Epoch   0 completed out of 1000 cost: 1.06944
Epoch 200 completed out of 1000 cost: 0.000669607
Epoch 400 completed out of 1000 cost: 0.00030982
Epoch 600 completed out of 1000 cost: 0.00019792
Epoch 800 completed out of 1000 cost: 0.00014411
Accuracy: 1.0
prediction for: [1, 1, 1, 1, 1]
0.998426 0.392255
prediction for: [1, 0, 1, 1, 1]
0.99867 0.364066
prediction for: [0, 0, 1, 1, 1]
0.028218 0.997783
prediction for: [0, 1, 0, 1, 1]
0.0528865 0.997093
prediction for: [1, 0, 0, 0, 1]
0.999507 0.413642
prediction for: [1, 0, 0, 1, 0]
0.0507428 0.998406

Notice the iterative reduction in error (‘cost’) over 1,000 cycles. The accuracy calculation is processed by iteratively applying the model to our test data (which was not used in training the model).
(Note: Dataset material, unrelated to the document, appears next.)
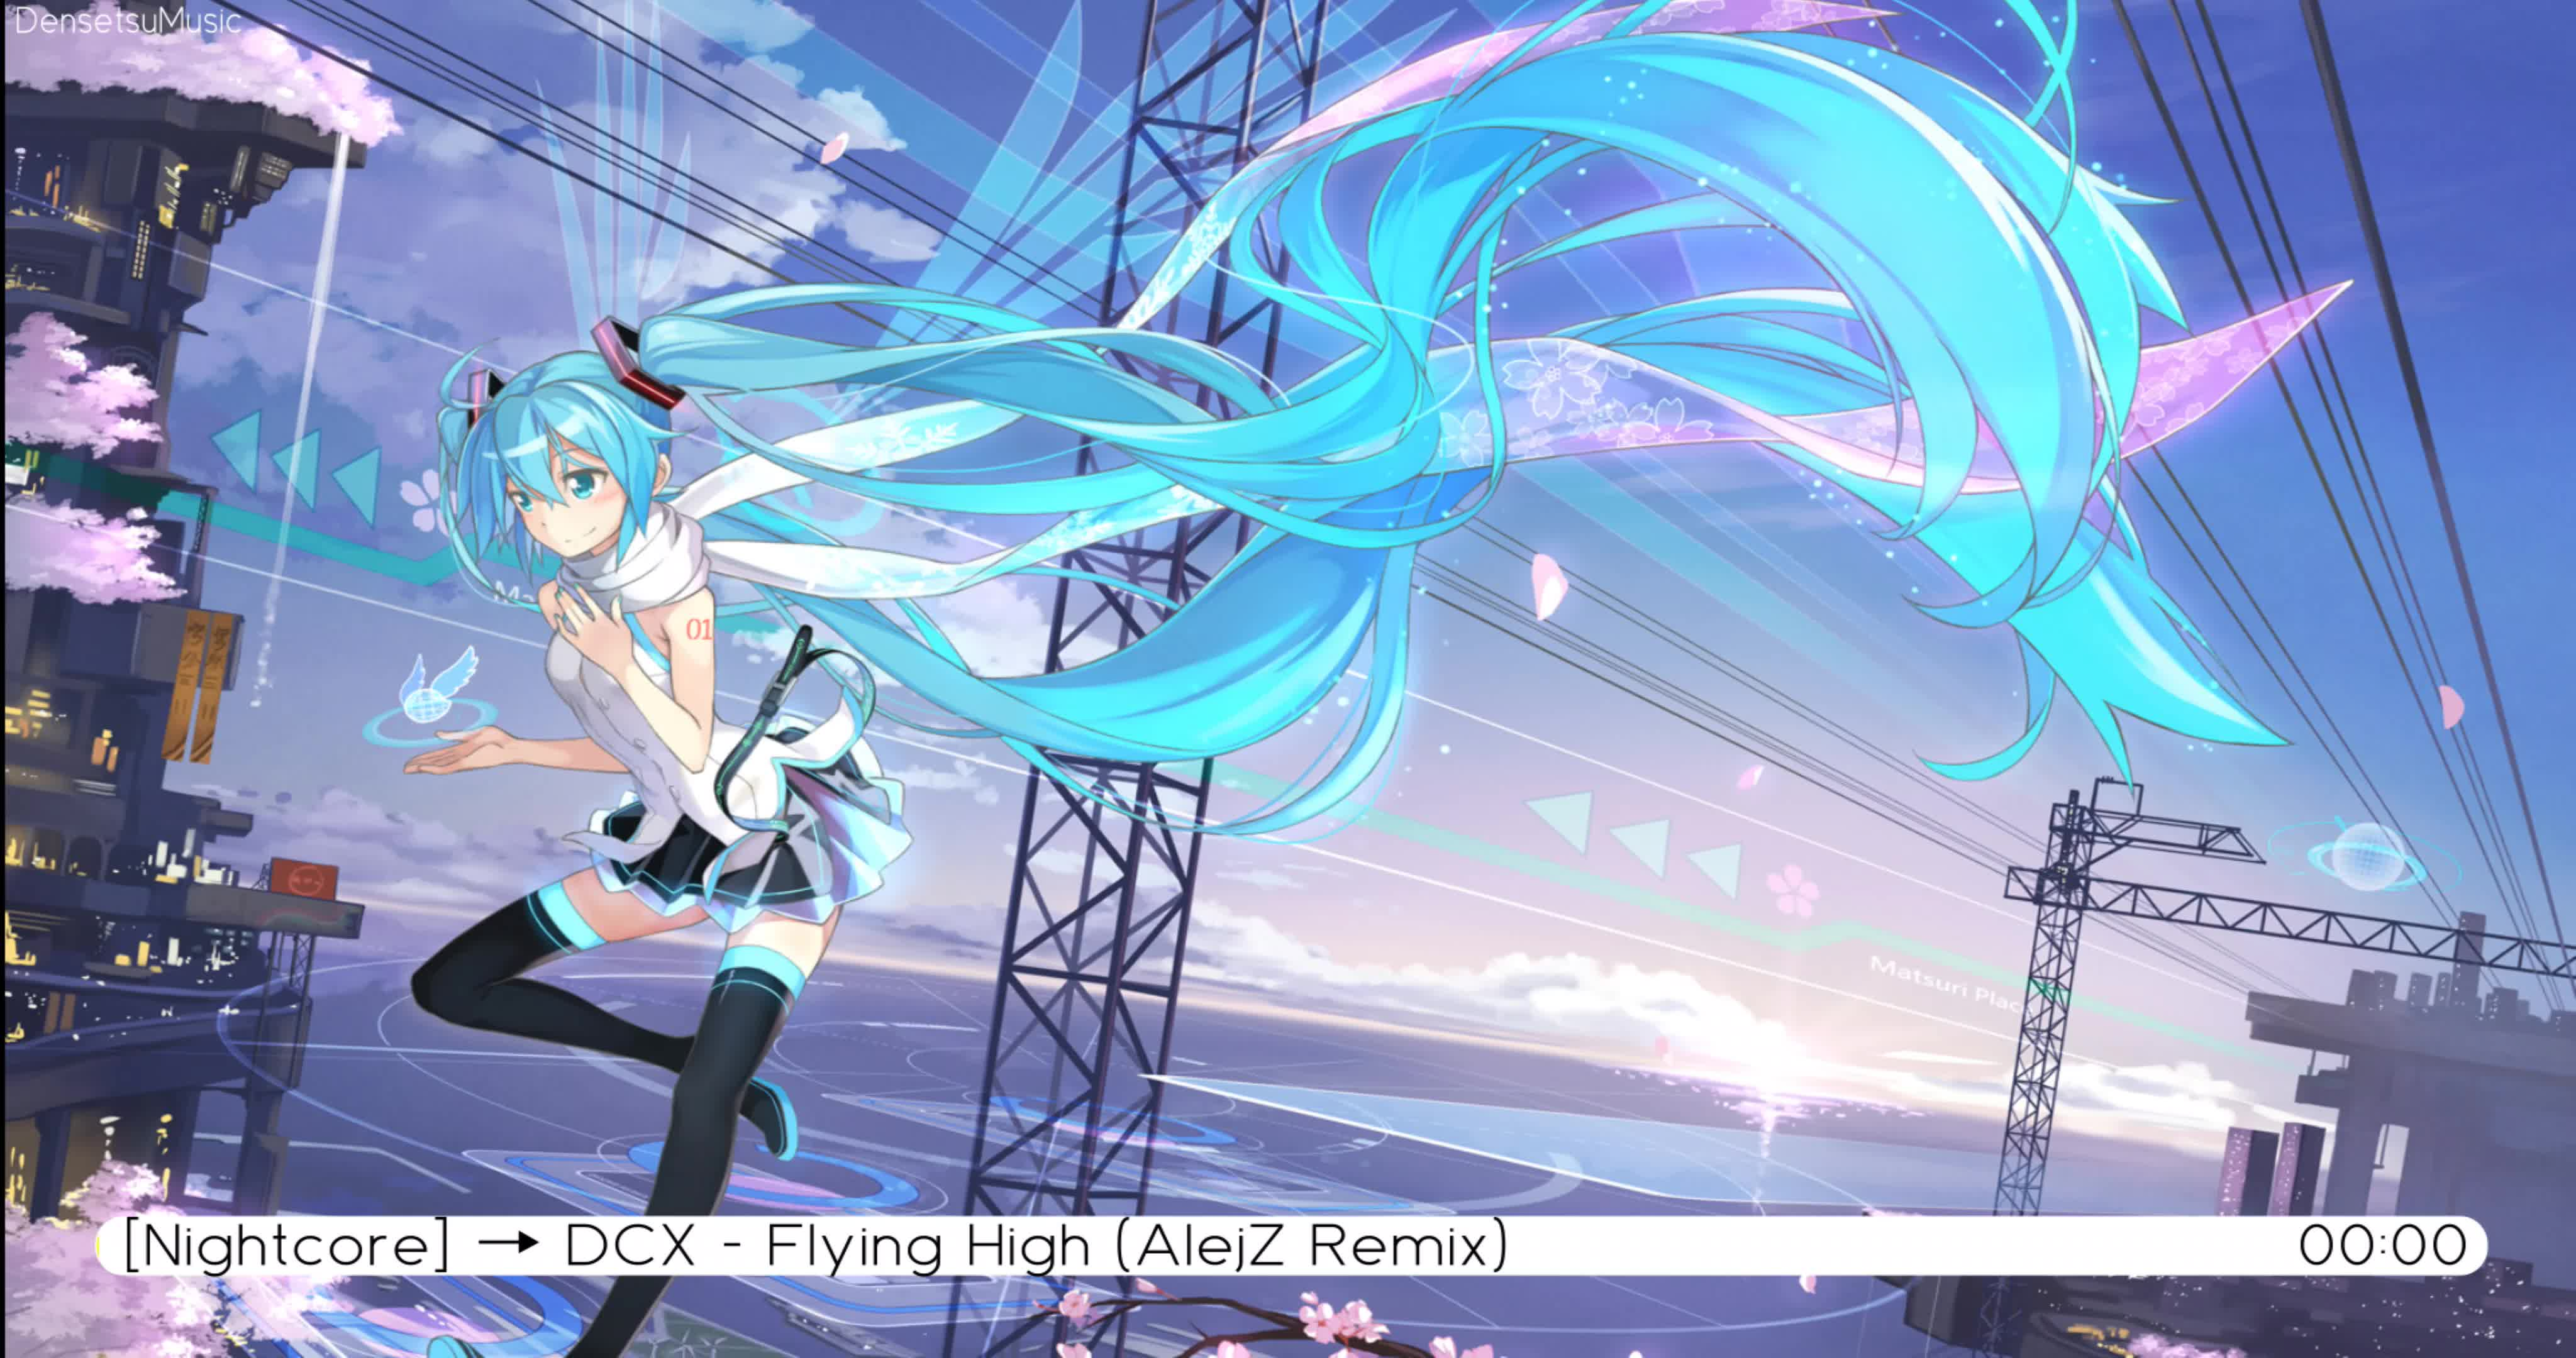 [Nightcore] → DCX - Flying High (AlejZ Remix) [歌词]_哔哩哔哩 (゜-゜)つロ 干杯~-bilibili

We can then see a prediction for each entry in our test data. An output of [1,0] means a pattern of[1, _, _, _, 1], an output of [0,1] means some other pattern. Each value in the output is a probability, so:

prediction for: [1, 0, 0, 1, 0]
0.0507428 0.998406

means our model strongly believes the [1, _, _, _, 1] pattern does not apply.

As with any ‘toy’ example all of the data is easily grasped so you can focus on the code. This 2-layer ANN is no different than one you could use to classify iris flowers or stock market trends.

More about the training code

Back to the training code, we assign a variable named ‘prediction’ to our model, very simply:

# use the model definition
prediction = neural_network_model(x)

Then we tell the framework how to optimize for error:

c = tf.reduce_mean(tf.nn.softmax_cross_entropy_with_logits(prediction,y))
optimizer = tf.train.GradientDescentOptimizer(1).minimize(c)

We can use other optimization methods built into the framework.

Then we loop through our epochs to fit our model:

with tf.Session() as sess:
sess.run(tf.global_variables_initializer())
for epoch in range(hm_epochs):
_, c = sess.run([optimizer, cost], feed_dict={x: batch_x, y: batch_y})

With each batch of training data, the model improves (lowers the error for) its weights and biases.

The accuracy of the model is a calculation across our test data:

correct = tf.equal(tf.argmax(prediction, 1), tf.argmax(y, 1))
accuracy = tf.reduce_mean(tf.cast(correct, ‘float’))
print(‘Accuracy:’,accuracy.eval({x:test_x, y:test_y}))

And making a prediction on some new data is relatively simple, we use the activation function again to normalize output values between 0 and 1.

print (‘prediction for:’, test_x)
output = prediction.eval(feed_dict = {x: [test_x]})
print(tf.sigmoid(output[0][0]).eval(), tf.sigmoid(output[0][1]).eval())

What happened?

We ‘taught’ a machine learning algorithm about a 5-bit pattern, and it learned by looking at training data:

[1, _, _, _, 1] and not. It ‘learned’ this by looking at example, not by being told what the rules of the pattern are. That would have been trivial, and idiotic, as follows:

Of course this wouldn’t be ‘machine learning’, it’s just a reduction of the problem using code. If we have to reduce something like image recognition in code we are in trouble. That’s where these predictive models come in — forged by numerics created as data flows through equations.

You should now be better equipped to work through some ‘real’ problems, such as recognizing hand-written digits.